Are these standard SQL or are they a Microsoft-only thing?
Can I exclude one or more columns from the ROLLUP?
What are GROUPING SETs then? Should I know about them?
Why would we want to combine columns in any aggregation?
Is there more to GROUPING SETS than a way of doing ‘à la carte’ CUBEs?
Why are the functions Grouping() and Grouping_ID() provided?

1. Eh? What are GROUPING SET, CUBE and ROLLUP in SQL?

CUBE, ROLLUP and GROUPING SET are optional operators of the GROUP BY clause of the SELECT statement for doing reports with large amounts of information. They allow you to do several GROUP BY operations in one statement, potentially saving a lot of time and computational effort. They can provide all the information needed for reporting, including totals, whilst giving good performance over large tables, and helping the Query Optimiser devise a good execution plan.

The extra ‘super-aggregate’ rows provide summary values, thereby allowing you to have several ‘aggregations’ such as SUM() or MAX() within the one result. The NULLs within these rows in the result are intended to mean ‘all’ rather than ‘unknown’. It allows you to get all the aggregations you need in one pass through the table. Because of the presence of extra rows in the results, extra functions GROUPING() and GROUPING_ID() are provided to indicate these extra ‘super-aggregate’ rows, and which columns are being aggregated.

This makes a great deal of sense if you have an application that needs to run several reports without extra computation or without going back to the database: You have everything you need in one result.

Take this standard example of a ROLLUP (I’m using AdventureWorks 2012 here)..
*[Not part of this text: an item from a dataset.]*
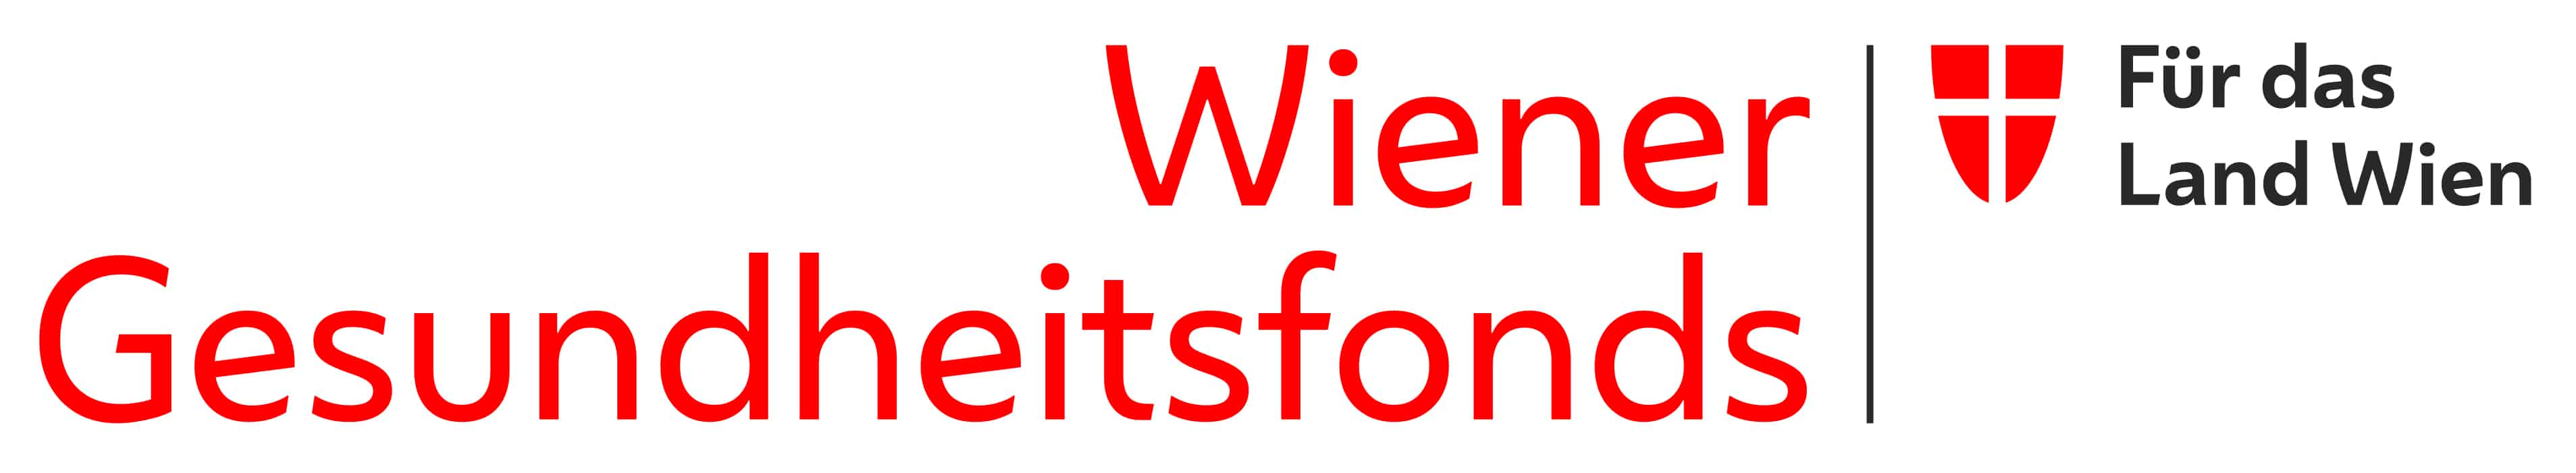 Wiener Gesundheitsfonds

SELECT t.[Group] AS region, t.name AS territory, sum(TotalDue) AS revenue,

datepart(yyyy, OrderDate) AS [year], datepart(mm, OrderDate) AS [month]

FROM Sales.SalesOrderHeader s

INNER JOIN Sales.SalesTerritory T ON s.TerritoryID = T.TerritoryID

GROUP BY t.[Group], t.name, datepart(yyyy, OrderDate), datepart(mm, OrderDate)

WITH ROLLUP

As well as the simple GROUP BY aggregate rows, with the total due for each month, that you’d get with a simple grouping, you also get subtotal or super-aggregate rows, and also a grand total row. (here is the beginning of the result)
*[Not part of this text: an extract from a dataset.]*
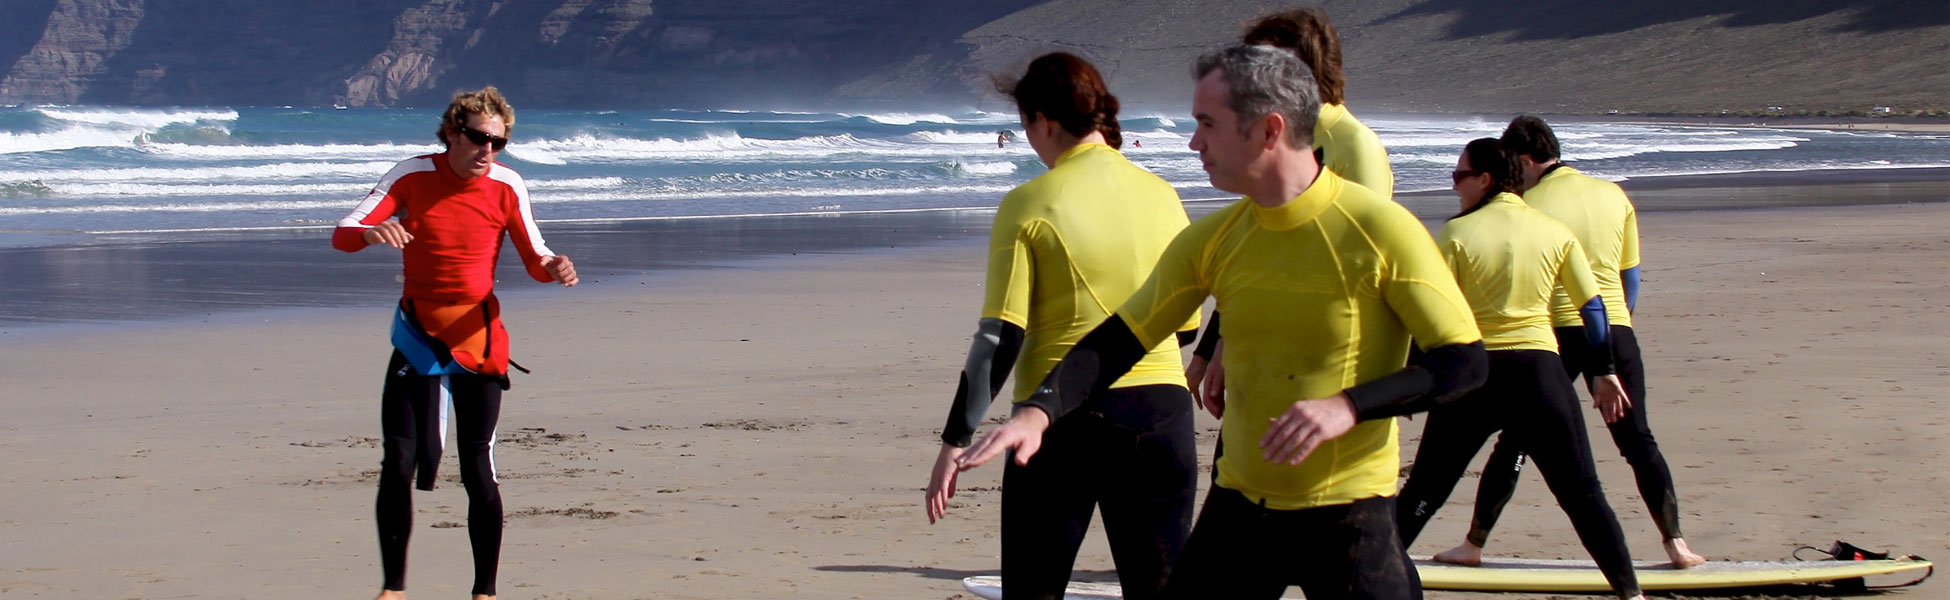 teaching surfing on famara beach

That NULL I’ve highlit means that the row is an aggregate for ‘all’ months of 2005 in France (part of Europe region)

As well as all this, you get the total due for each year, for each territory and territorial group, as well as the full total due. (from the end)

Those NULLs mean ‘All’, remember. The last row is the grand total, and above it is the total for the pacific region. Above that is Australia’s contribution to the pacific region. The fourth row from the bottom is Australia’s 2008 contribution. The number of groupings that is returned is one more than the number of expressions in the composite element list provided to the GROUP BY statement.

To get the same effect without using a rollup, you’d need to do something like this (AdventureWorks2012)

;

WITH myGrouping ( region, territory, totalDue, [year], [month] )

AS ( SELECT t.[Group], t.name, sum(TotalDue) AS revenue,

datepart(yyyy, OrderDate) AS [year], datepart(mm, OrderDate) AS [month]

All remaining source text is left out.